Salma Akram, Joseph A Murray, Darrell S. Pardi, Glenn L. Alexander, John A. Schaffner, Pierre A. Russo, Susan C. Abraham

Research output: Contribution to journalArticle

129 Citations (Scopus)

Abstract

Background & Aims: Autoimmune enteropathy is a rare cause of intractable diarrhea associated with circulating gut autoantibodies and a predisposition to autoimmunity. It is rarely observed in adults, with only 11 cases reported to date. Methods: Fifteen adults with autoimmune enteropathy were identified at the Mayo Clinic, Rochester, from May 2001-June 2006. The demographic, clinical, and treatment data were abstracted from their records.
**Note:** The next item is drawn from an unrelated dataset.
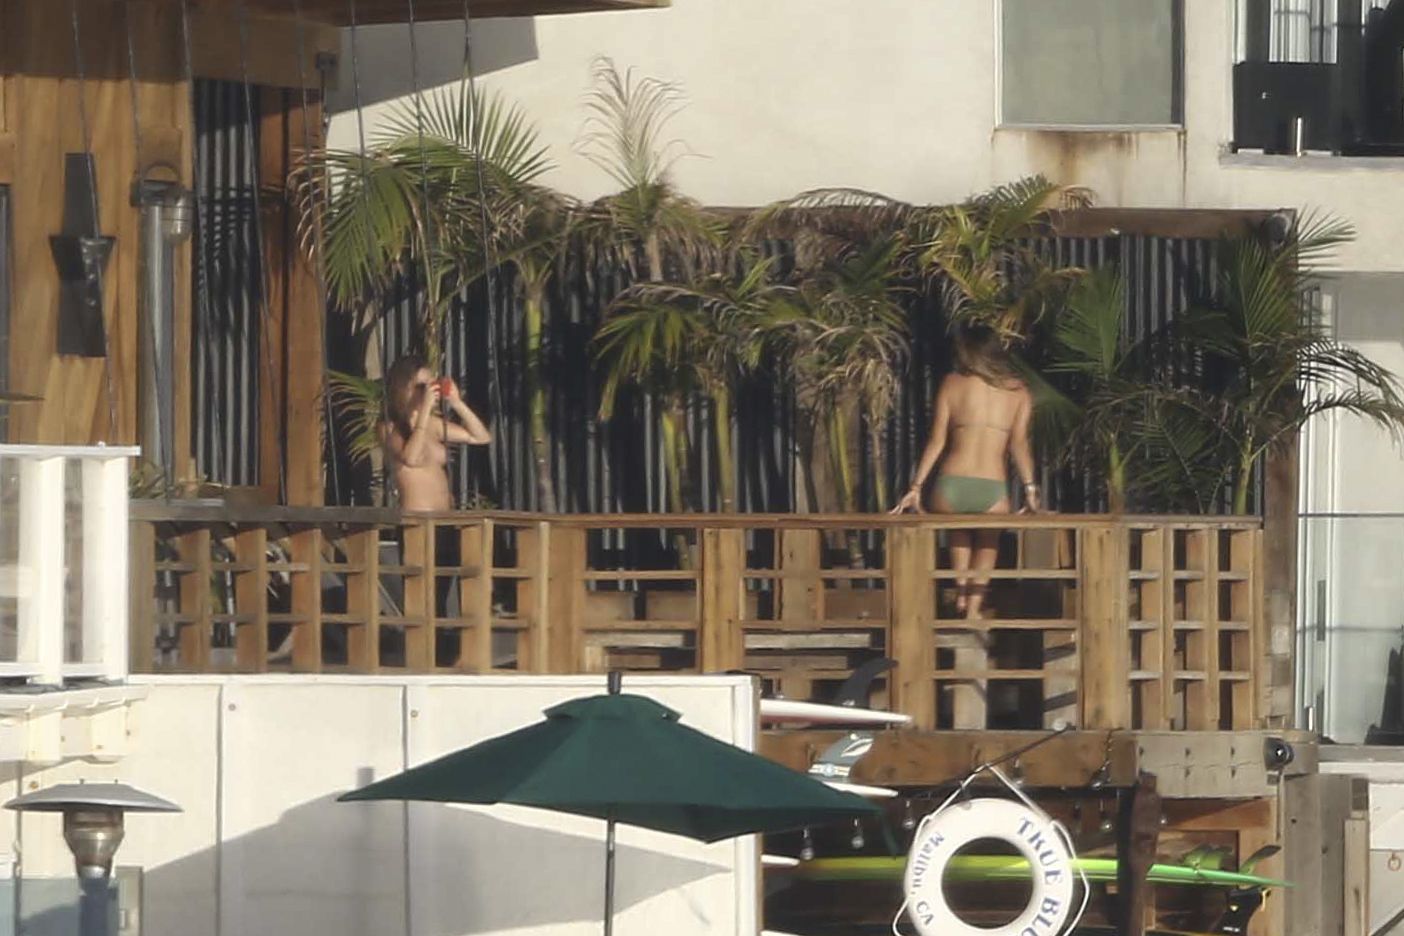 Cara_Delevingne_topless_on_a_balcony_in_Malibu_48x_HQ_24.jpg
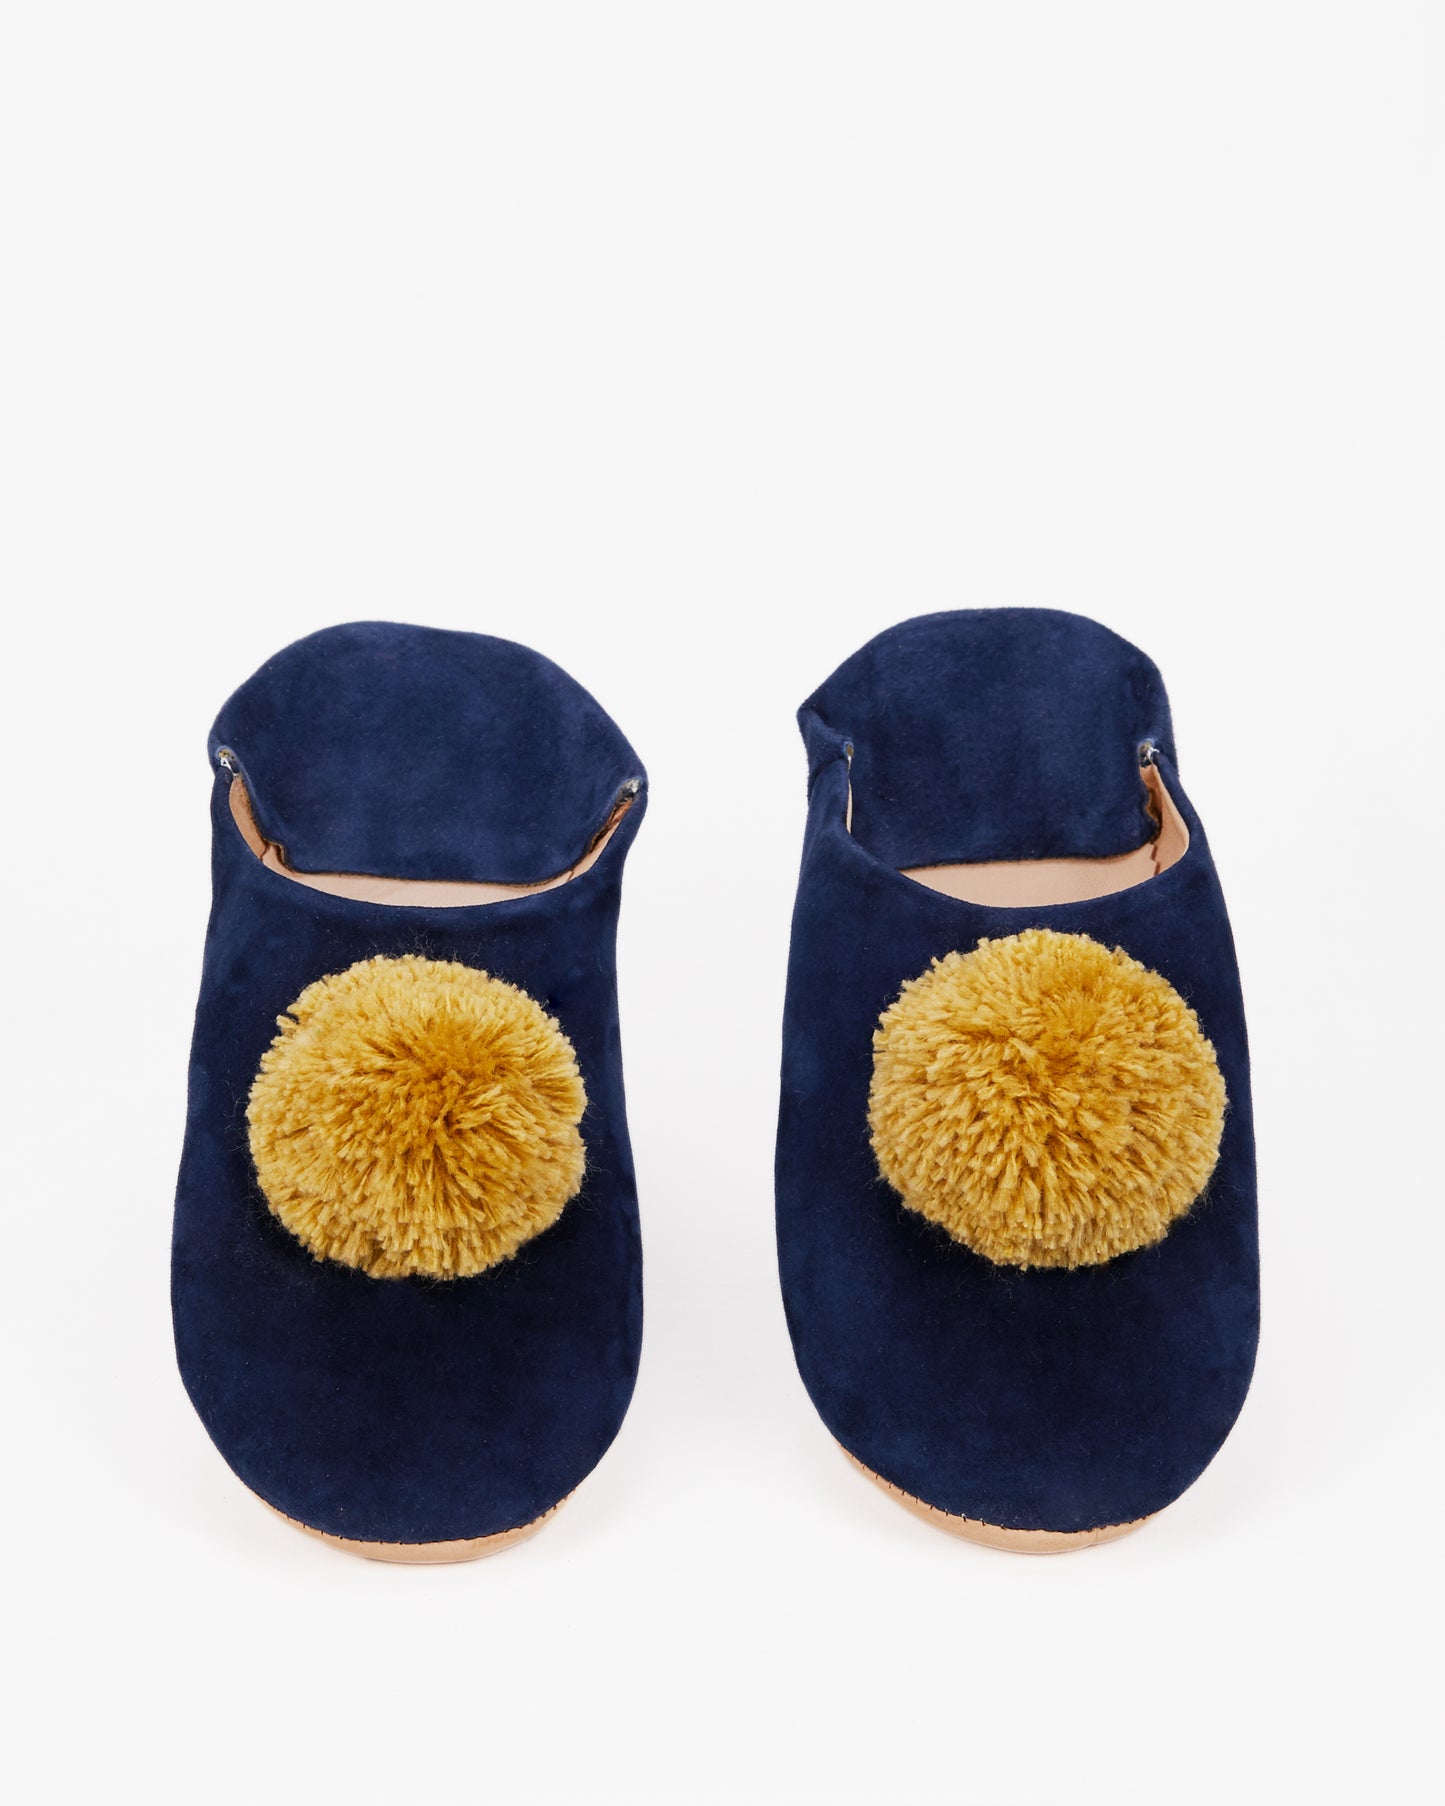 Moroccan Slippers - Navy- Yellow Pom Poms

Results: The study population was 87% white, 47% female, with median age of 55 years (interquartile range, 42-67 years). All patients had protracted diarrhea, weight loss, and malnutrition. Celiac disease was excluded by lack of response to gluten-free diet or absence of the celiac disease susceptibility HLA genotypes. Fourteen patients were tested for gut epithelial cell antibodies, and 93% were positive for anti-enterocyte and/or anti-goblet cell antibodies. Predisposition to autoimmune diseases was noted in 80%, as indicated by a variety of circulating autoantibodies. Small intestinal histopathologic findings included subtotal villous atrophy and lymphoplasmacytic infiltration in the lamina propria with relatively few surface intraepithelial lymphocytes. T-cell receptor gene rearrangement studies were negative in all cases. Immunosuppressive therapy was required in 93% of cases. Clinical improvement was noted in 60% after 1-8 weeks of steroid therapy. Conclusions: Autoimmune enteropathy is a heterogeneous disease and should be considered in the differential diagnosis of malabsorption and small bowel villous atrophy. The presence of gut epithelial cell antibodies can help confirm the diagnosis. No single agent is unequivocally effective in inducing remission, and immunosuppressive therapy is required in most cases.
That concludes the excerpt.